Quality notes: Architecture is a "Scalable Single-Stream DiT" (S3-DiT) with text, visual semantic, and image VAE tokens concatenated into a unified input stream — designed for 8-NFE generation rivaling full-step competitors per the model card.

For the full benchmark data, see /check/z-image-turbo/rtx-5070-ti.

Troubleshooting

First CUDA call crashes / "no kernel image is available for execution on the device"

This is the Blackwell sm_120 wheel mismatch — a PyTorch build without sm_120 kernels can't run on the RTX 5070 Ti. Reinstall PyTorch from the CUDA 12.8 index: pip install torch --index-url https://download.pytorch.org/whl/cu128. Verify with python -c "import torch; print(torch.cuda.get_device_capability())" — it should report (12, 0) for the 5070 Ti.

Out of memory at first generation (diffusers path)

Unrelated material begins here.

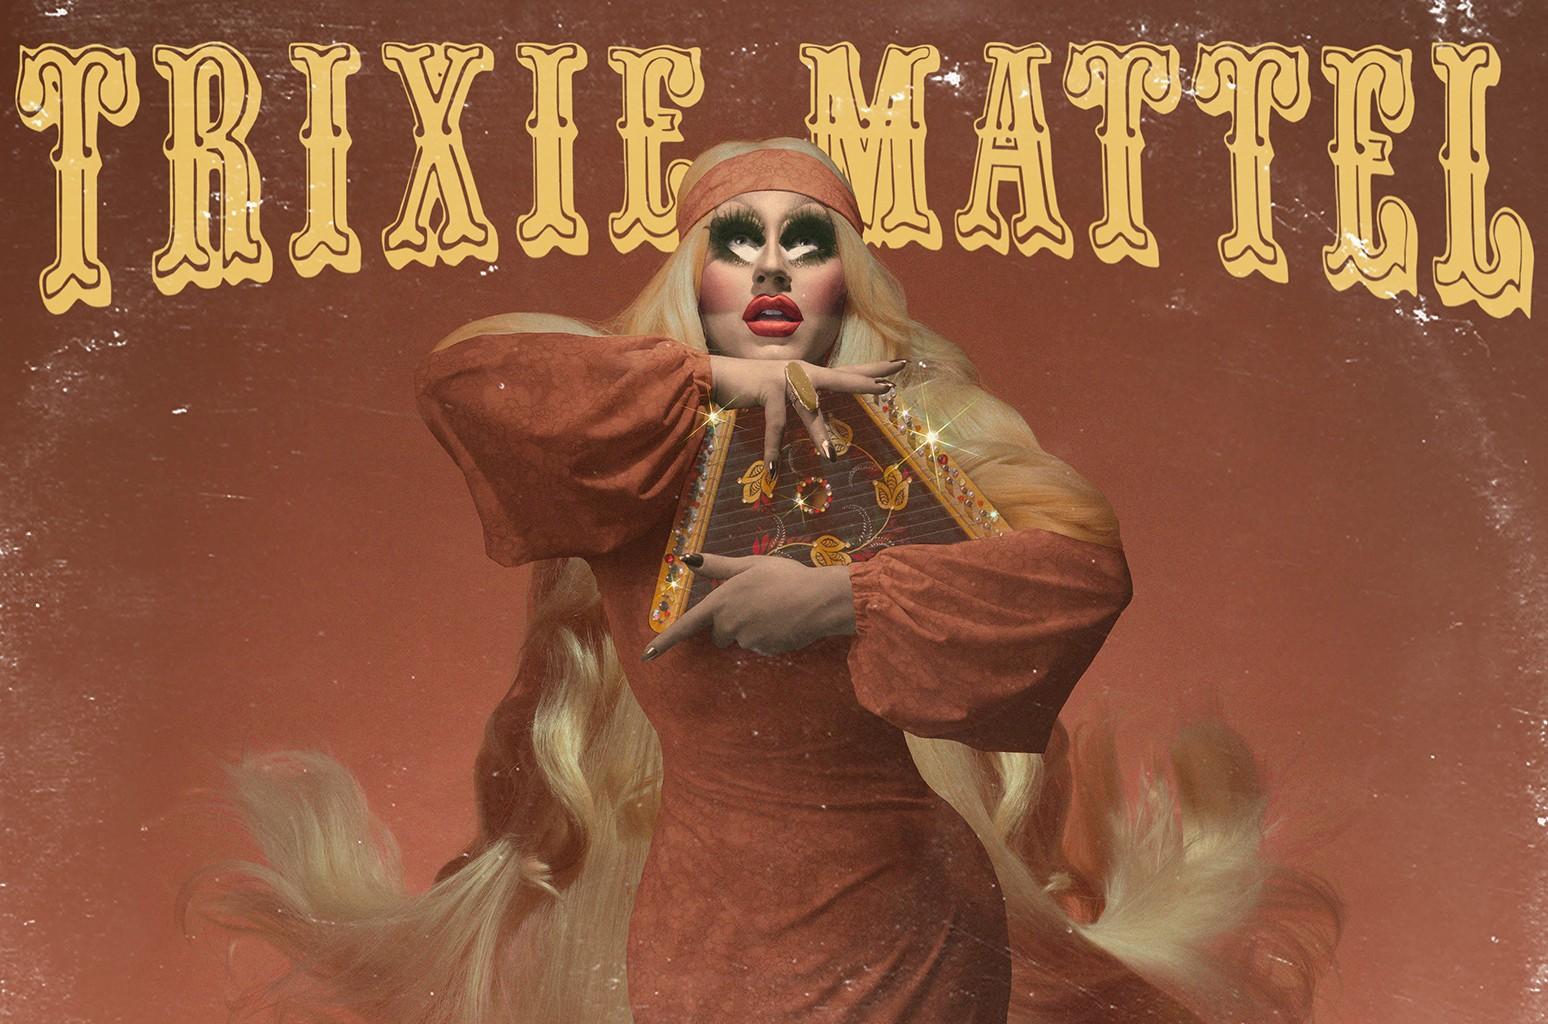 Trixie Mattel 'Moving Parts'

If the BF16 pipeline doesn't fit alongside other GPU-resident apps (browser GPU acceleration, a second monitor, idle Docker compute), enable CPU offload — the Tongyi-MAI model card documents pipe.enable_model_cpu_offload() for memory-constrained devices. Apply it after from_pretrained and do not also call pipe.to("cuda"):

pipe = ZImagePipeline.from_pretrained(
    "Tongyi-MAI/Z-Image-Turbo",
    torch_dtype=torch.bfloat16,
    low_cpu_mem_usage=False,
)
pipe.enable_model_cpu_offload()
# do NOT call pipe.to("cuda") when using offload

ComfyUI doesn't recognize Z-Image nodes

The Z-Image loader nodes ship in ComfyUI's nightly builds, not the stable release. Update via ComfyUI Manager → "Update ComfyUI" → restart. Verified path documented on the official ComfyUI Z-Image tutorial.

Want a smaller on-disk footprint?

The Comfy-Org mirror also publishes an NVFP4 DiT (z_image_turbo_nvfp4.safetensors, 4.51 GB) and FP4/FP8 text-encoder variants — quant formats the RTX 5070 Ti's Blackwell tensor cores support natively. These cut the on-disk footprint substantially, but neither the official ComfyUI tutorial nor the ComfyUI examples page yet documents a loader graph for the NVFP4 single-file, and no RTX 5070 Ti measurement of the NVFP4 path has been published. This recipe stays on the officially-documented BF16 path, which fits the 16 GB envelope without quantization. If you get the NVFP4 path working on a 5070 Ti, please submit your setup.

Confusion with Juggernaut-Z

Juggernaut-Z is a RunDiffusion fine-tune of Z-Image Base, distributed under RunDiffusion/Juggernaut-Z-Image — a different model with its own slug. If you want the original Tongyi-MAI base or turbo weights, stick to the Tongyi-MAI/Z-Image-* repos linked above.